**Exercise**. Please, without any pictures, set down exactly the part of the listing below that opens with the line containing "Castle wedding photography" and closes with the line containing "Image result for star wars darkness".

**Records to process**.
Start of Block
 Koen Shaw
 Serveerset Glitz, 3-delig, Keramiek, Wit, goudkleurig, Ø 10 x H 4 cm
End of Block
Start of Block
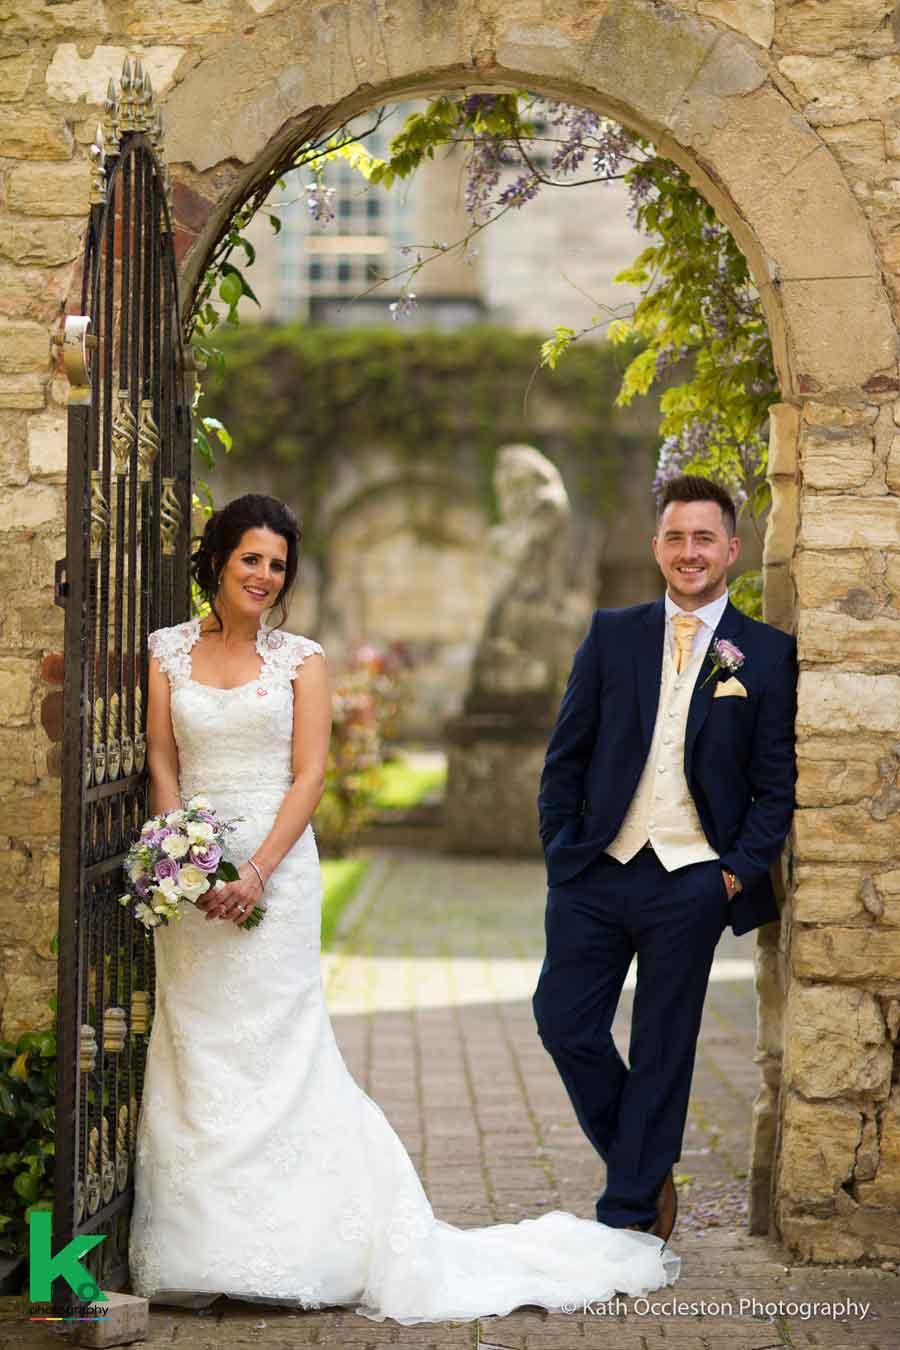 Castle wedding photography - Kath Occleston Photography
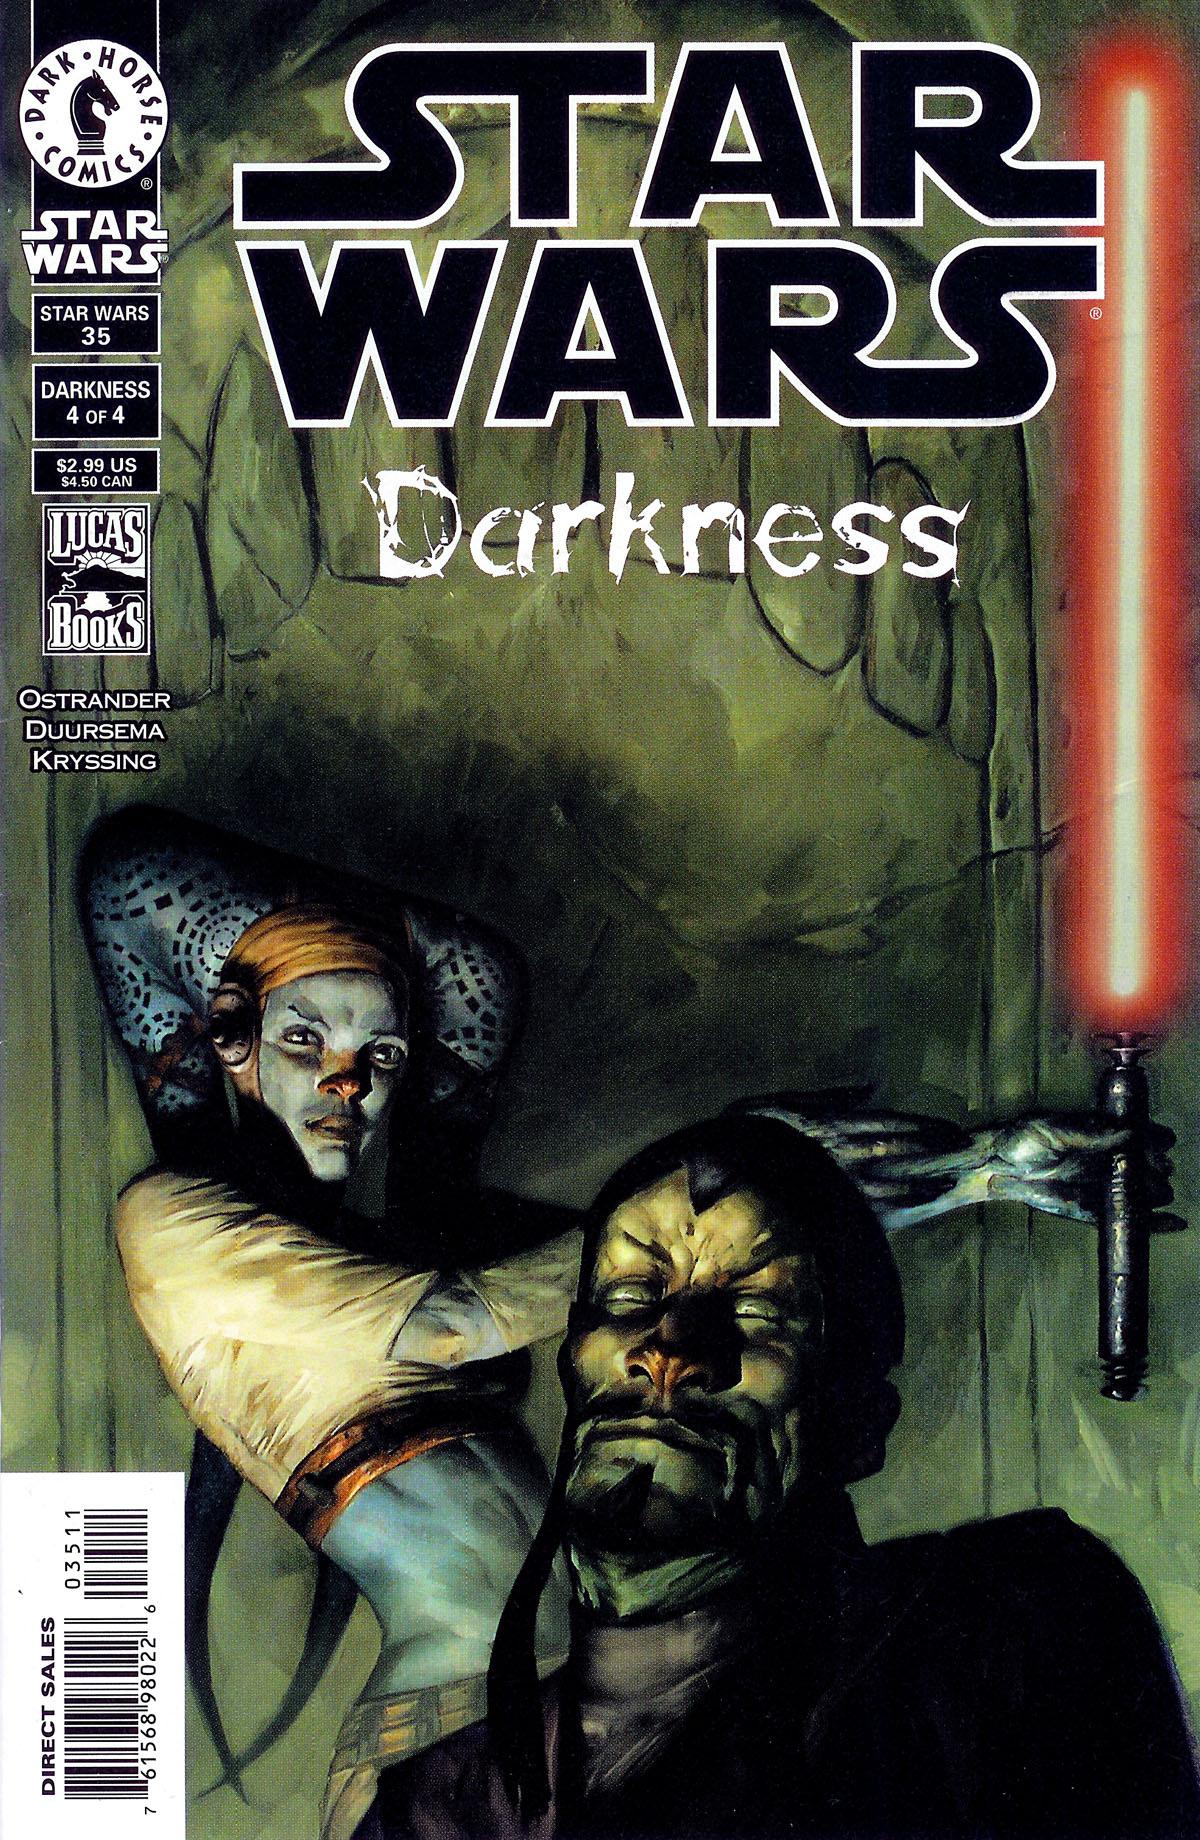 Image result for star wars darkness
End of Block
**Answer box**.
 Castle wedding photography - Kath Occleston Photography
 Image result for star wars darkness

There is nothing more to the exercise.